Personal details
- Born: 1974
- Died: 2 December 2023 (aged 48–49)
- Manner of death: Assassination by airstrike
- Party: Hamas
- Relations: Nidal, Muhammad, and Rawad (brothers, all deceased)
- Parent: Umm Nidal (mother);
- Occupation: Head of Hamas's Shejaiya Battalion

Military service
- Battles/wars: 2014 Gaza War Battle of Shuja'iyya (2014); ; Gaza war October 7 attacks Nahal Oz attack; ; Shuja'iyya ambush; Battle of Shuja'iyya (2023) X; ;

= Wissam Farhat =

Hamas militant (1974–2023)

Wissam Abu Hussein Farhat (وسام أبو حسين فرحات; 1974 – 2 December 2023) was a Palestinian militant who was the head of Hamas's Shejaiya Battalion. He was the mastermind behind various attacks such as the Atzmona Attack, the Nahal Oz attack and more.

==Biography==
Wissam Farhat was born in 1974 to Umm Nidal.

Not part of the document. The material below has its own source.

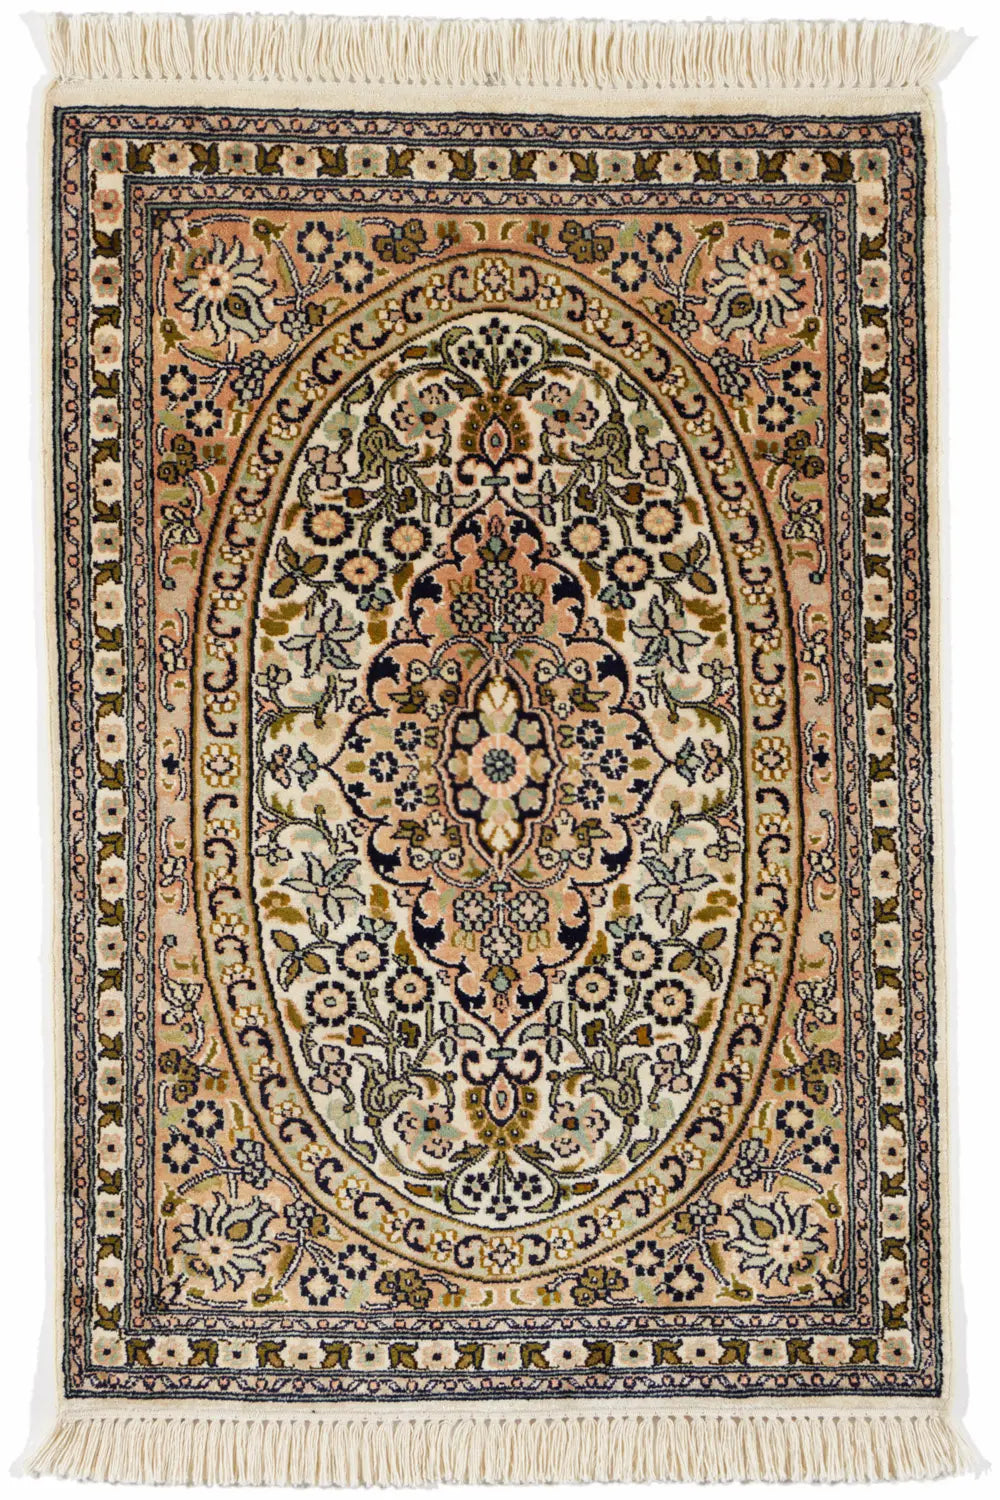 カシミール地方産のシルク手織り絨毯。黄色味を帯びたヴィンテージライクなデザイン
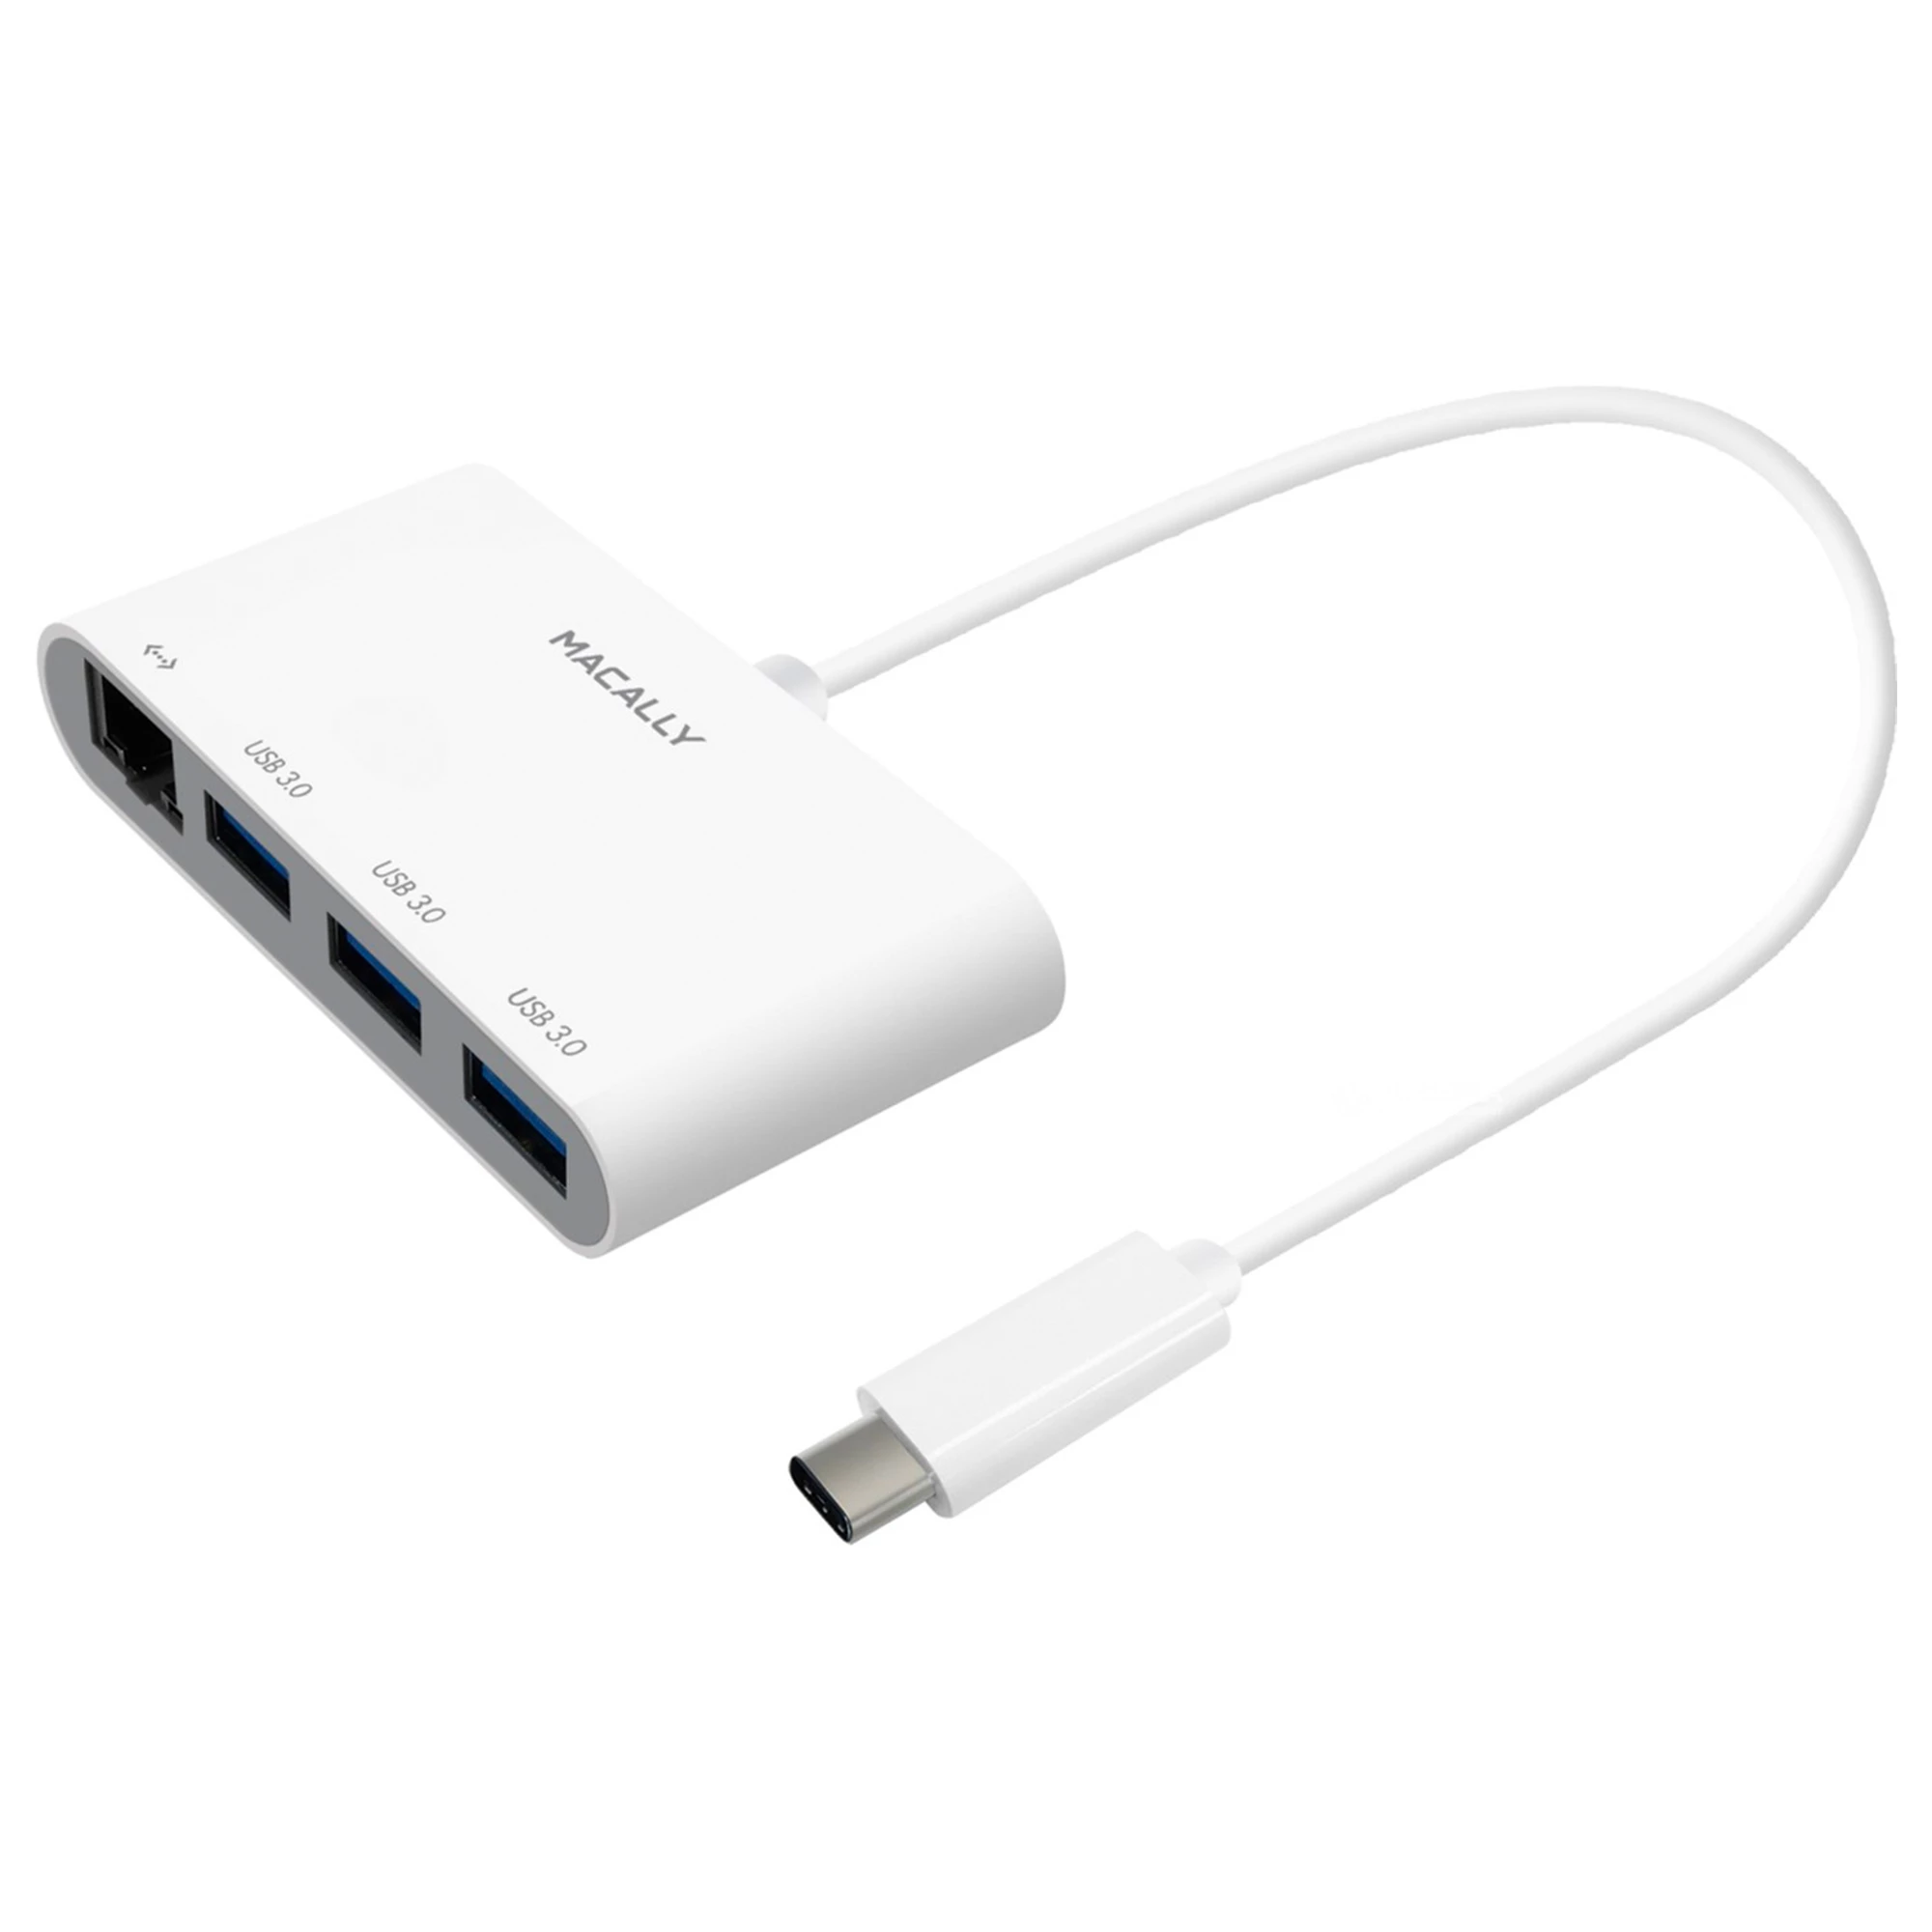 Адаптер Macally USB-C to USB-A hub with Ethernet (UCHUB3GB)

Three of his brothers -- Nidal, Muhammad, and Rawad were killed for their Hamas activities.

Farhat was arrested on 20 March 1995 on charges of transporting 6 bags of explosives into Israel, which Israel alleged was an attempt to carry out a suicide bombing in Israel. He spent almost 11 years in Israeli prison, including 2 years in Ashkelon, 6 years in Nafha, and 2 and a half years in Hadarim. He was released from Israeli prison in November 2005, three weeks after his brother Rawad was killed by Israel.

While in prison, Farhat learned of his younger brother Muhammad's participation in the Atzmona attack, in which Muhammad killed 5 Israeli civilians and wounded 12 others. Their other brother Nidal was previously killed.

==Death==
On 2 December 2023, the Israel Defense Forces (IDF) killed Farhat in an airstrike during the Gaza war. The IDF identified Farhat as the commander of Hamas's Shejaiya battalion responsible leading the Nahal Oz attack during the October 7 attacks and for an incident during the Battle of Shuja'iyya in 2014 in which 7 IDF soldiers were killed, including Oron Shaul.

On 8 December 2023, the military wing of Hamas, Al-Qassam Brigades, published a video showing footage of close-range battles in Shuja'iyya that resulted in the destruction of an IDF tank, and a Qassam militant is heard shouting "for your sake, Abu Hussein!" referring to Farhat.